In 1976, the nation was struggling to recover from one of the most notorious episodes of presidential corruption in our history up to that point: a political espionage program, illegally funded by donor contributions, which the Nixon administration tried to cover up by destroying evidence, obstructing investigators, and bribing burglars.

The bipartisan resolve with which Congress confronted the Watergate scandal seems unthinkable today. Not only did a congressional committee vote unanimously to subpoena audiotapes that exposed the President’s guilt, members of the President’s own party stood ready to vote not only for his impeachment, but for his conviction, and urged him to resign.

But the reforms passed in the wake of the scandal did not anticipate a future president willing to flout institutional norms and test the limits of every available safeguard.

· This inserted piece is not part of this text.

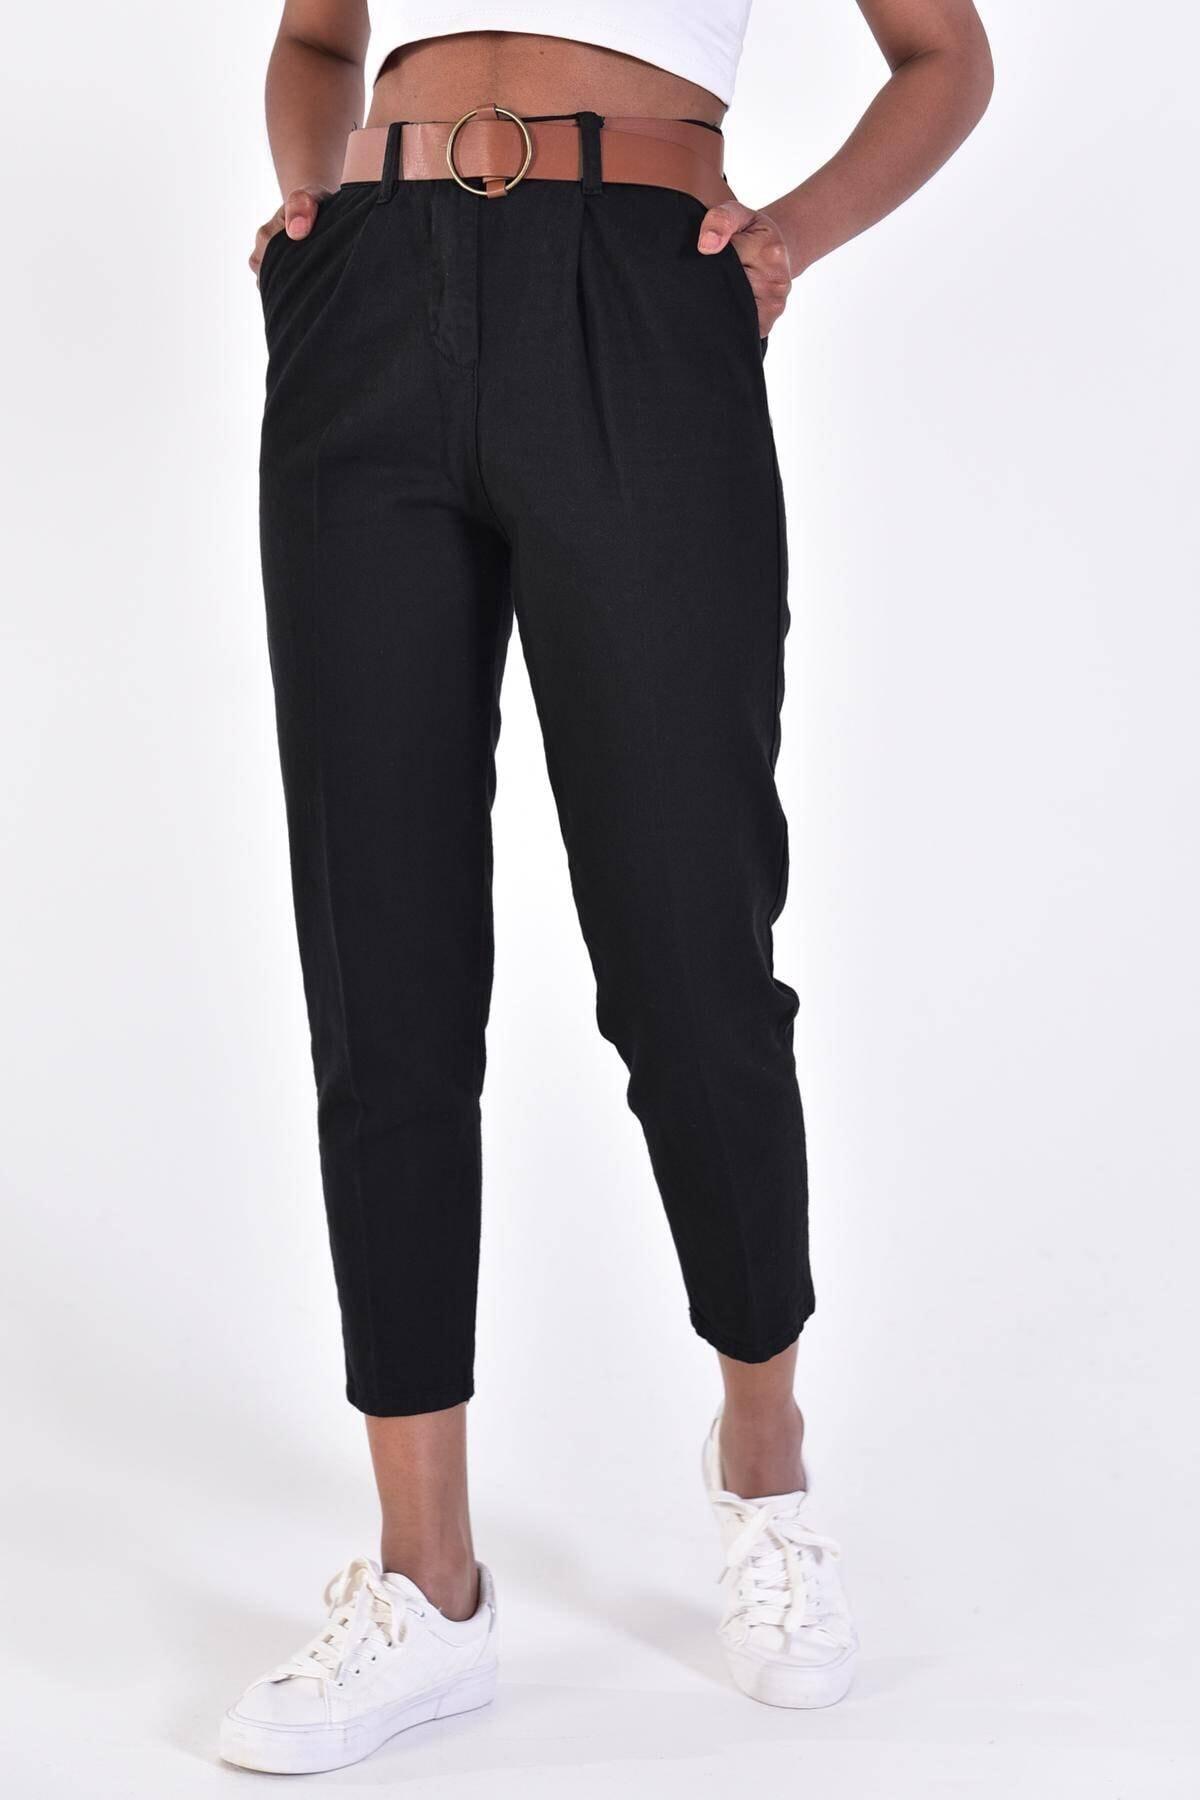 Addax Kadın Siyah Kemerli Pantolon PN4204 - DK1 ADX-0000020952

In his Bicentennial speech, Ford asked, “Are the institutions under which we live working the way they should? Are the foundations laid in 1776 and 1789 still strong enough and sound enough to resist the tremors of our times? Are our God-given rights secure, our hard-won liberties protected?”

Fifty years later, these questions no longer sound like a celebration of American resilience—they stand as an urgent test of whether our democracy can still summon the courage, accountability, and civic faith that once enabled it to correct its own course.